Klehr went white, but not panicking, rushed at him— the executioner’s apparently cultured mask slipping—pulled out his pistol and without shooting, not wishing to make a noise, he finished off his victim by hitting him over the head with the butt.
The krankenbau room orderlies gave a daily report on the number of deaths on their wards.
There was an incident (I know of at least one, there could have been more) when an orderly made a mistake, giving a living man’s number instead of a dead man’s.
The report went to the main schreibstube [office].
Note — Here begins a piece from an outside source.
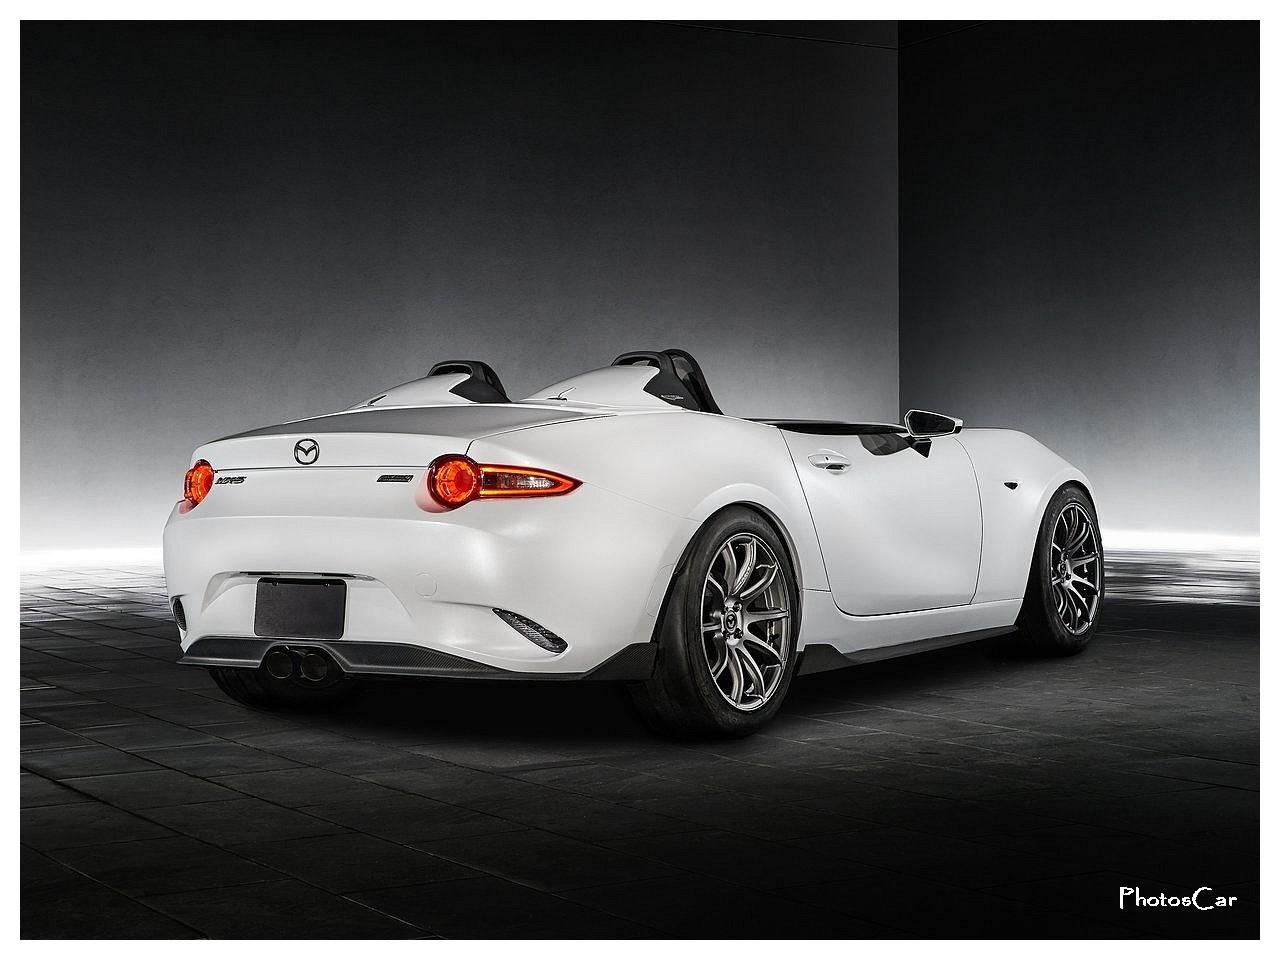 2016 Mazda MX-5 Speedster Evolution Concept

For fear of being removed from his post and for his own peace of mind, this criminal told the sick man, a zugang who did not even understand what was going on, to get up and stand in the queue for one of Klehr’s injections.
One extra person made no difference to Klehr.
Thus did the orderly correct his mistake, for the man who died in his ward and the other who got one of Klehr’s “shots” were now both well and truly dead, and the report was accurate, for the number of the man on the ward who had died had been added to it.
However, we did have a great number of orderlies in the hospital who were very good Poles.
We twice needed numbers altered and this was carried out easily and without harming anyone.
During the high death rate from typhus, when great numbers of corp
ses were thrown out daily from a number of blocks, two of our people were admitted to hospital as serious cases; we saved them by writing their numbers on corpses with similar numbers, taking care too that the dead men did not have any serious unfinished business with the political department.
Thus, also equipped with changed personal details (provided by colleagues in the schreibstube), we managed to get them into Birkenau straight from the hospital.
There they were completely unknown, new numbers, zugangs, their trail ran cold and the plan worked.
Our organization continued to expand.
I proposed to Colonel 64 [Kazimierz Rawicz] that he nominate my friend Bohdan, Major 85 [Zygmunt Bohdanowski] as overall military commander in the event of action, since in Warsaw in 1940 I had considered him for a similar post in the underground.
Colonel 64 [Kazimierz Rawicz] willingly agreed.
Bohdan knew the area, for some years before he had commanded a battery of the 5th Horse Artillery Regiment there.
I decided then, and Colonel 64 [Kazimierz Rawicz] approved the idea, to develop a plan of eventual action based on four key objectives which we had identified.
This was due to the fact that in order to take over the camp in accordance with our work’s eventual aim, we needed to prepare detachments along parallel lines. One system for a workday operation. Another one for nighttime or days off when we were in our blocks, and this for the reason that we still were not living in blocks as complete kommandos. Thus there was one set of contacts, links and commanders during the workday, another on the blocks.
Therefore, the plan had to be based on an outline of essential objectives which required individual preparation.
It was then that the need to fill four command positions emerged.
I proposed Captain46 60 [Stanisław Kazuba] for one of them, Captain 114 [Tadeusz Paolone] for the second one; Second Lieutenant 61 [Konstanty Piekarski] recommended First Lieutenant 115 [name unknown] for the third one and Captain 116 [Zygmunt Pawłowicz—in the camp as Julian Trzęsimiech] for the fourth one. Colonel 64 [Kazimierz Rawicz] and Major 85 [Zygmunt Bohdanowski] agreed with us.
Eventually, with the help of comrade 59 [Henryk Bartosiewicz] and after long discussions on the need for agreement, and the essential requirement to be able to stay silent even if one of us ended up in the bunker and was interrogated by the butchers of the political department, Colonel 23 [Aleksander Stawarz] and Lieutenant Colonel 24 [Karol Kumuniecki] join us.